Return each entry word for word and skip its pictures.

START Material for this task

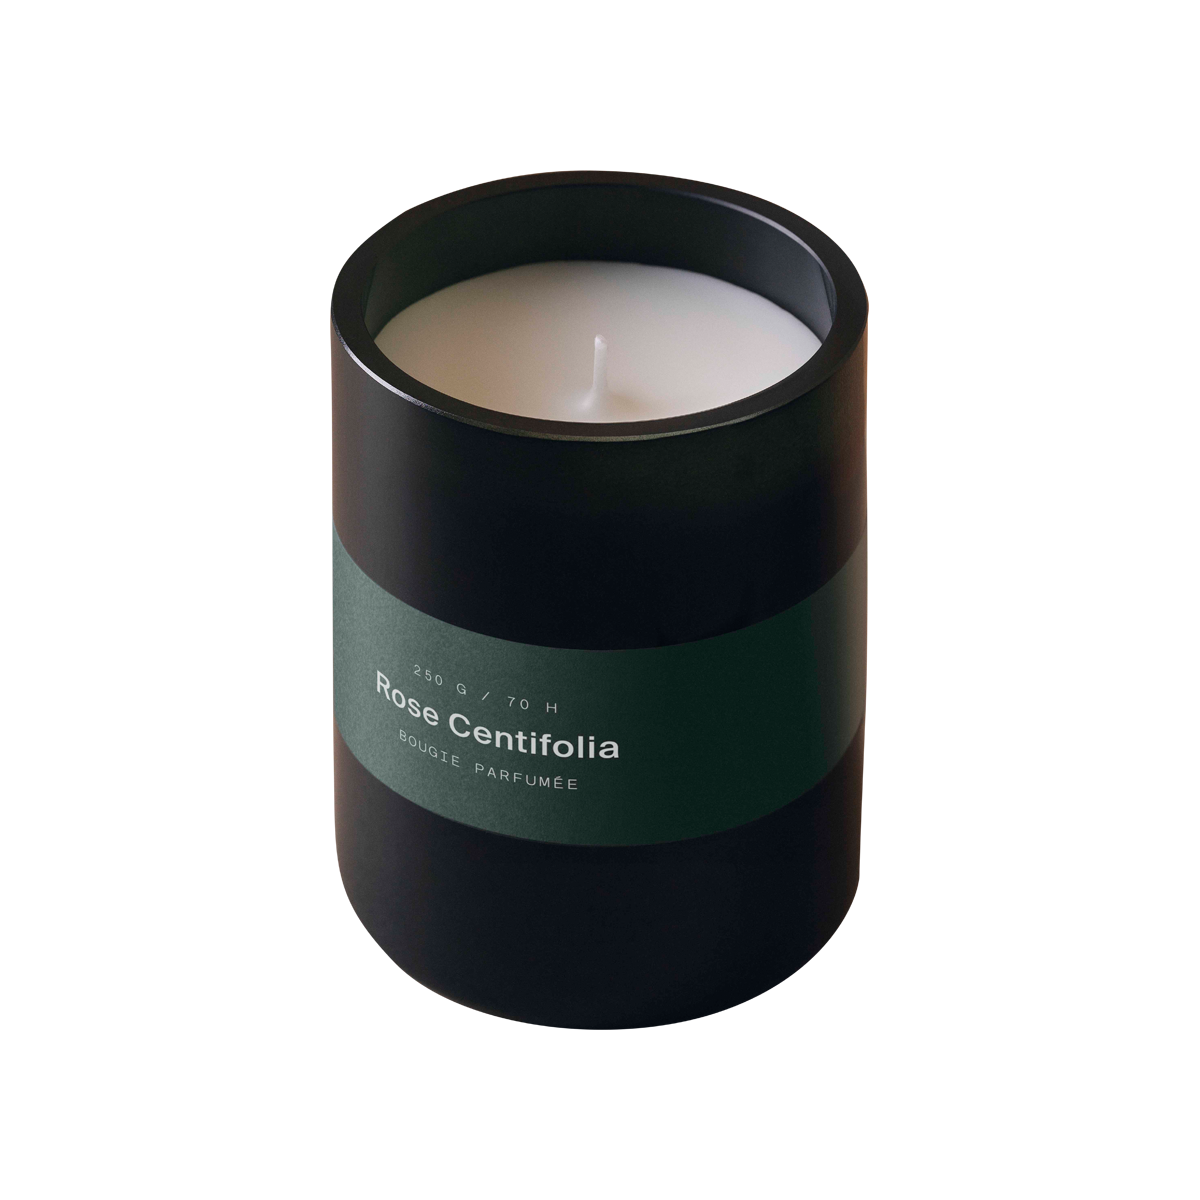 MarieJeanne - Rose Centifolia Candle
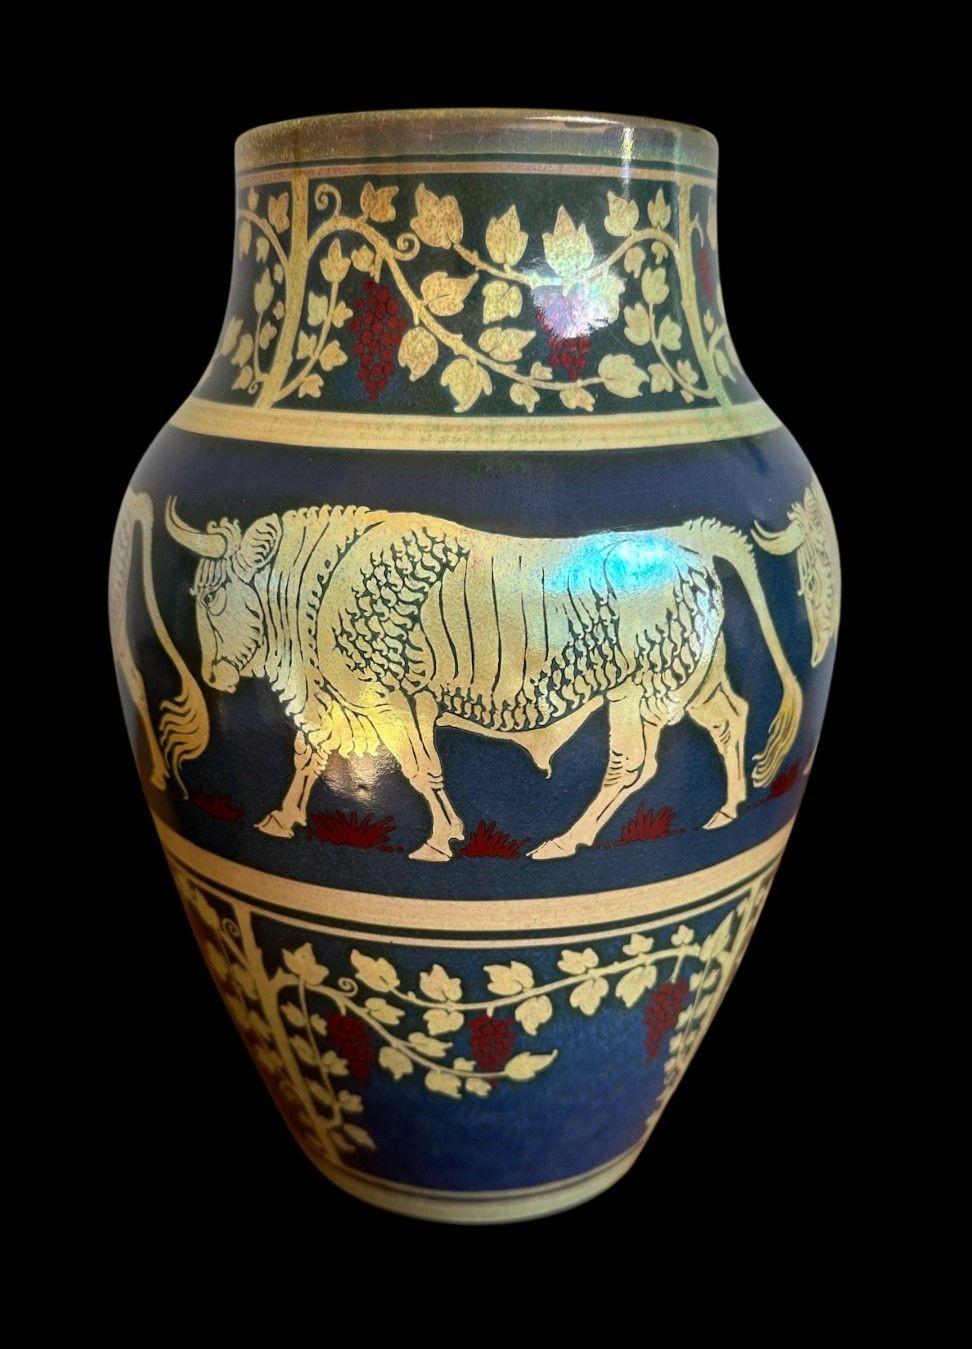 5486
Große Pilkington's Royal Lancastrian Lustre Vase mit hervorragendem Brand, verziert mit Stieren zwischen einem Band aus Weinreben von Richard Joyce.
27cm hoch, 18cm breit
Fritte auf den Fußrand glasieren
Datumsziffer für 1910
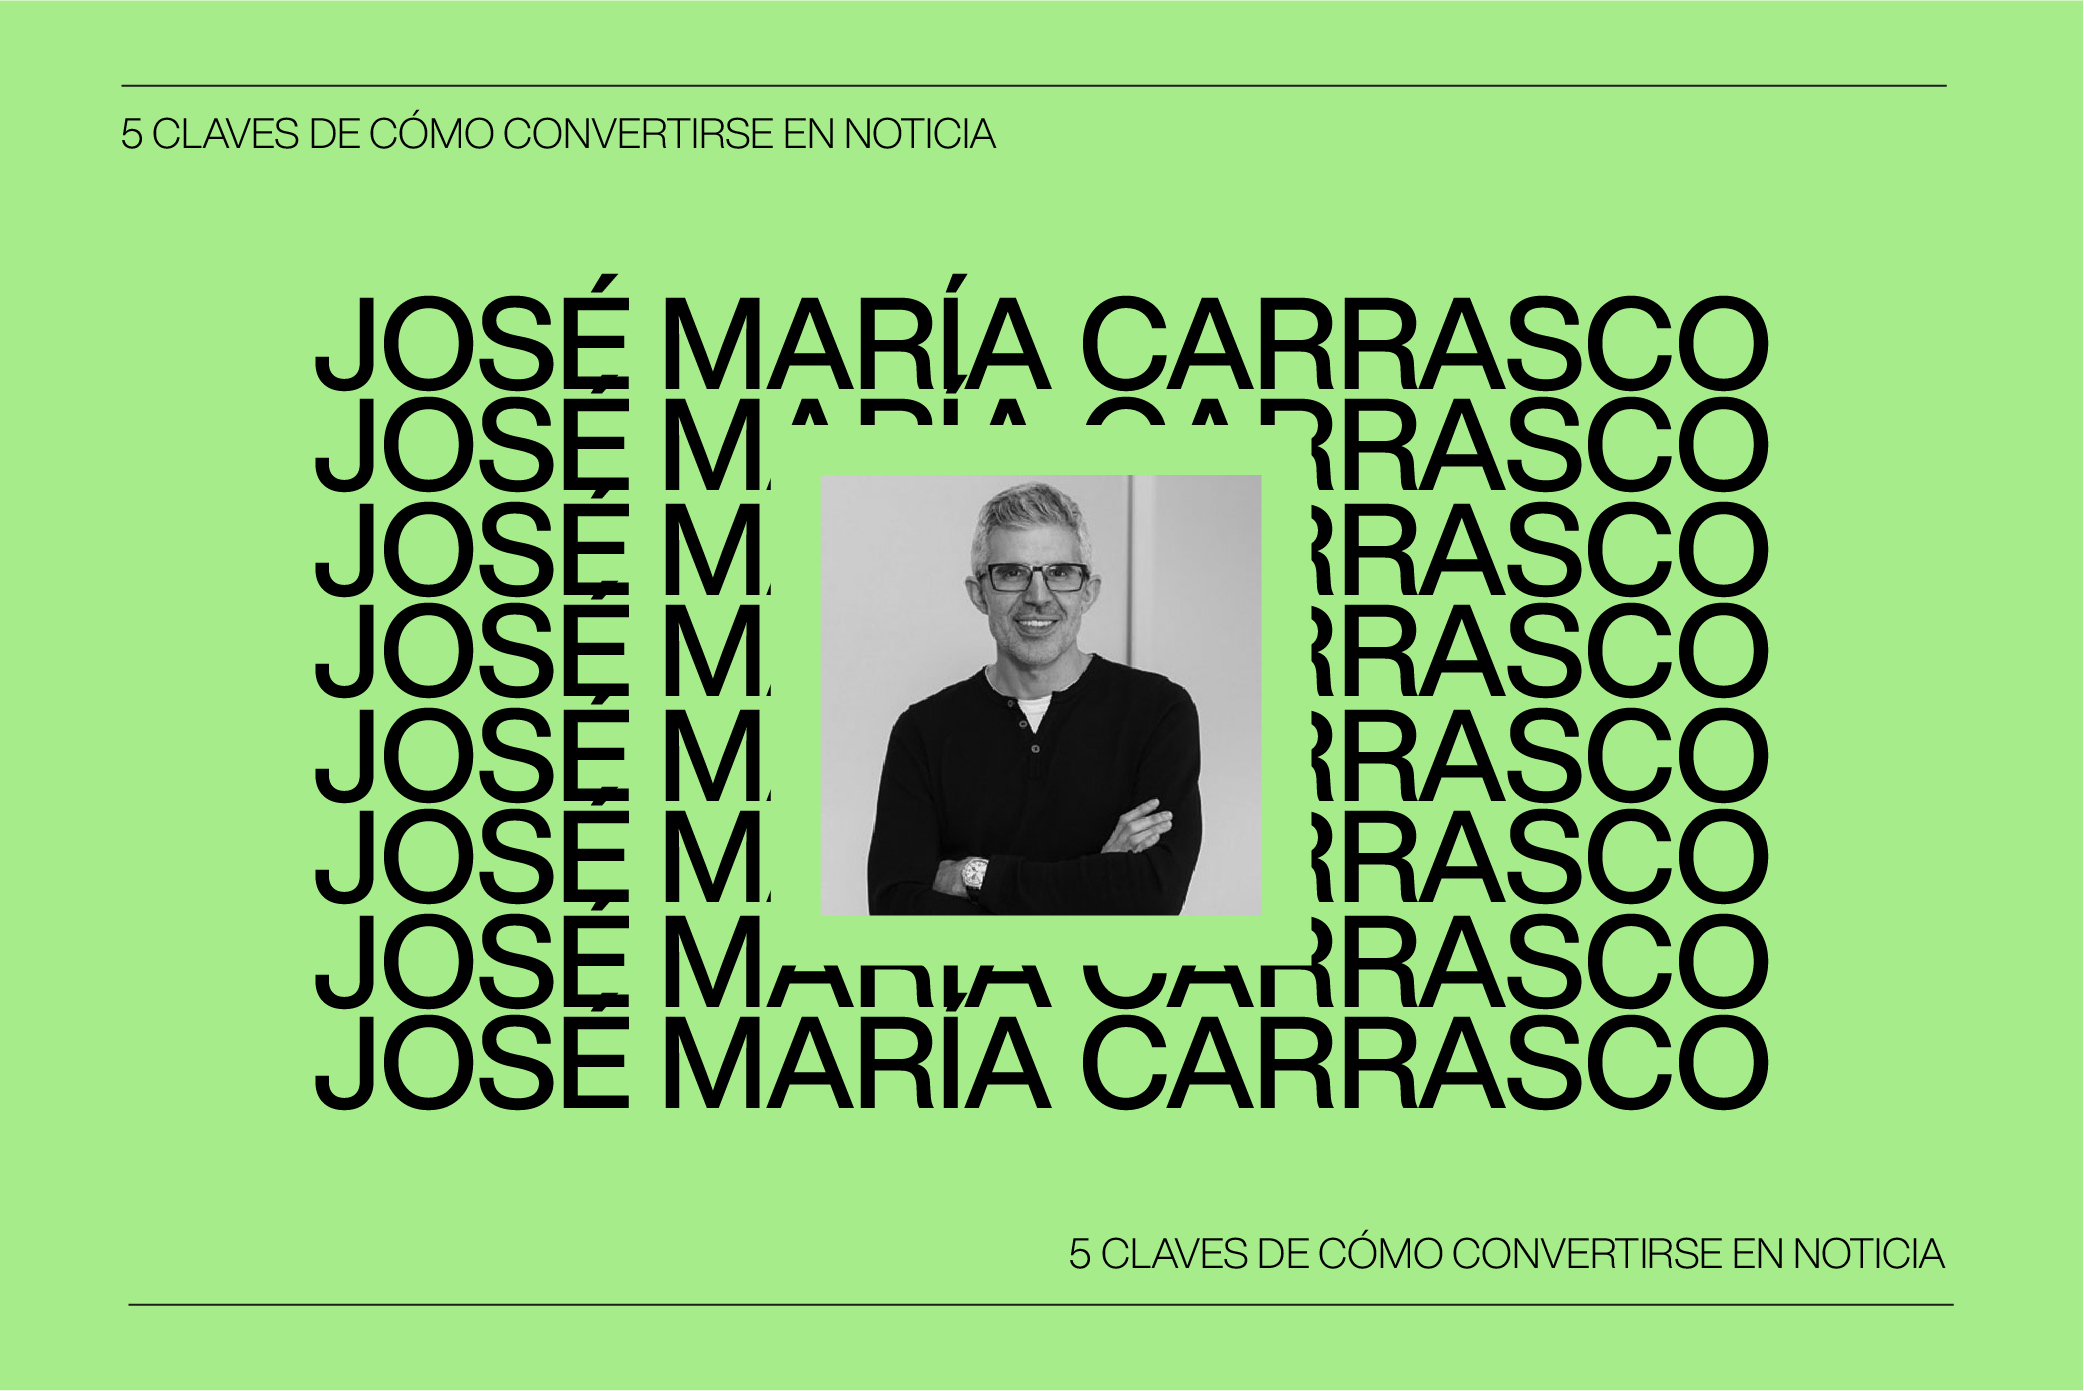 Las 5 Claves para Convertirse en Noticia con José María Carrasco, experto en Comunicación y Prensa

END Material for this task

— Your solution —
 MarieJeanne - Rose Centifolia Candle
 5486
Große Pilkington's Royal Lancastrian Lustre Vase mit hervorragendem Brand, verziert mit Stieren zwischen einem Band aus Weinreben von Richard Joyce.
27cm hoch, 18cm breit
Fritte auf den Fußrand glasieren
Datumsziffer für 1910
 Las 5 Claves para Convertirse en Noticia con José María Carrasco, experto en Comunicación y Prensa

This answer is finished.